However, ideally I'd like to reverse this lookup, which the paper says is fairly easy. Just swap $t$ and $s(t)$ in the algorithm and that's it. We construct a polynomial ($n=3$) of the form $\hat{t}(s)=a_ss^3+b_ss^2+c_ss$. I found two ways this can be implemented:

1. Pick points at certain $s$

Calculate $s_3=s(1)$ (ie. the total curve length) and set $s_1=\frac{1}{3}s_3$ and $s_2=\frac{2}{3}s_3$. Now calculate the corresponding $t_1$, $t_2$, and $t_3=1$. The solution will be:

$\begin{bmatrix}t_1\\t_2\\1\end{bmatrix}=\begin{bmatrix}s_1^3&s_1^2&s_1\\s_2^3&s_2^2&s_2\\s_3^3&s_3^2&s_3\end{bmatrix}\begin{bmatrix}a_s\\b_s\\c_s\end{bmatrix}=\begin{bmatrix}\frac{1}{27}s_3^3&\frac{1}{9}s_3^2&\frac{1}{3}s_3\\\frac{8}{27}s_3^3&\frac{4}{9}s_3^2&\frac{2}{3}s_3\\s_3^3&s_3^2&s_3\end{bmatrix}\begin{bmatrix}a_s\\b_s\\c_s\end{bmatrix}$

$\Rightarrow\begin{bmatrix}a_s\\b_s\\c_s\end{bmatrix}= \left(\begin{bmatrix}\frac{1}{27}s_3^3&\frac{1}{9}s_3^2&\frac{1}{3}s_3\\\frac{8}{27}s_3^3&\frac{4}{9}s_3^2&\frac{2}{3}s_3\\s_3^3&s_3^2&s_3\end{bmatrix}\right)^{-1}\begin{bmatrix}t_1\\t_2\\1\end{bmatrix}$

This gives a fairly nice determinant for the matrix inverse, and we can obtain $t_1$ and $t_2$ using the bisection method on the Gauss-Legendre quadrature.

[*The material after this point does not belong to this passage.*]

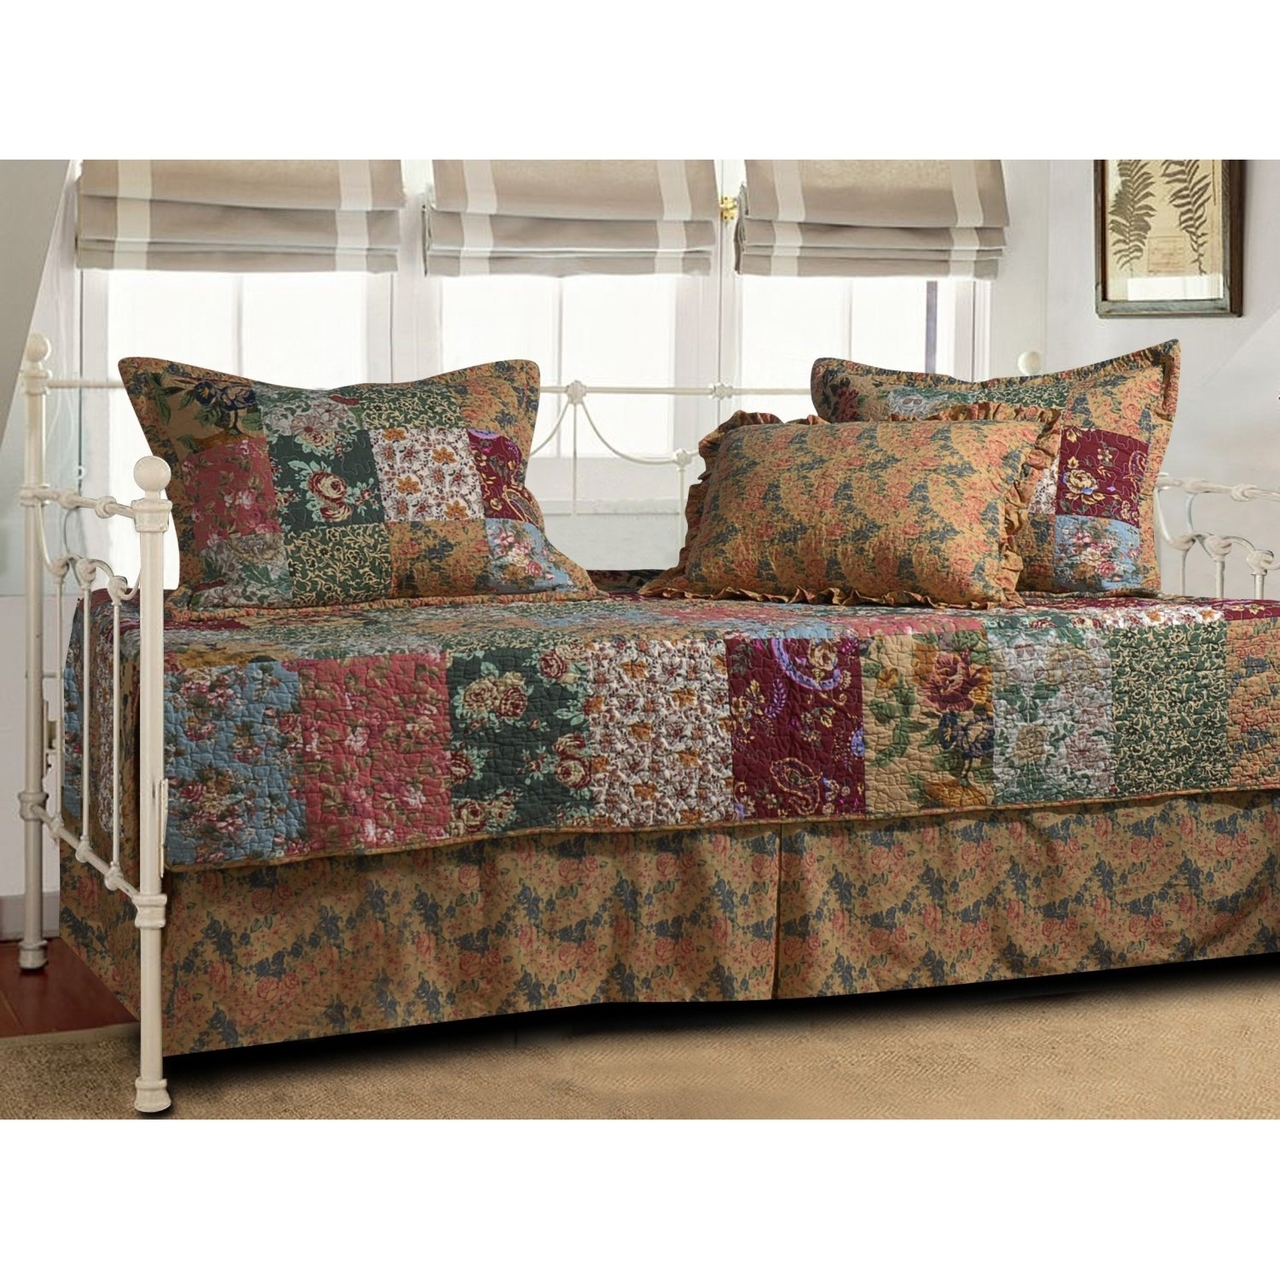 floral daybed bedding sets photo - 9

2. Pick points at certain $t$

Calculate $s_1=s(\frac{1}{3})$, $s_2=s(\frac{2}{3})$ and $s_3=s(1)$. Then solve for $a_s$, $b_s$ and $c_s$:

$\begin{bmatrix}t_1\\t_2\\t_3\end{bmatrix}=\begin{bmatrix}\frac{1}{3}\\\frac{2}{3}\\1\end{bmatrix}=\begin{bmatrix}s_1^3&s_1^2&s_1\\s_2^3&s_2^2&s_2\\s_3^3&s_3^2&s_3\end{bmatrix}\begin{bmatrix}a_s\\b_s\\c_s\end{bmatrix}$

$\Rightarrow\begin{bmatrix}a_s\\b_s\\c_s\end{bmatrix}=\begin{bmatrix}s_1^3&s_1^2&s_1\\s_2^3&s_2^2&s_2\\s_3^3&s_3^2&s_3\end{bmatrix}^{-1}\begin{bmatrix}\frac{1}{3}\\\frac{2}{3}\\1\end{bmatrix}$

This should in my opinion give valid results, but unless my implementation is wrong (I double checked most of it!), I'm wondering if there is a misstep in thought?

EDIT

Looks like I was implementing the inverse matrix wrong...seems to work now. I've chosen approach 1 as this will give an equal spacing along the known variable $s$ as the interpolation points. Approach 2 could, as I presume, in interpolation point that are too close to each other to realistically approach the real $t(s)$ function.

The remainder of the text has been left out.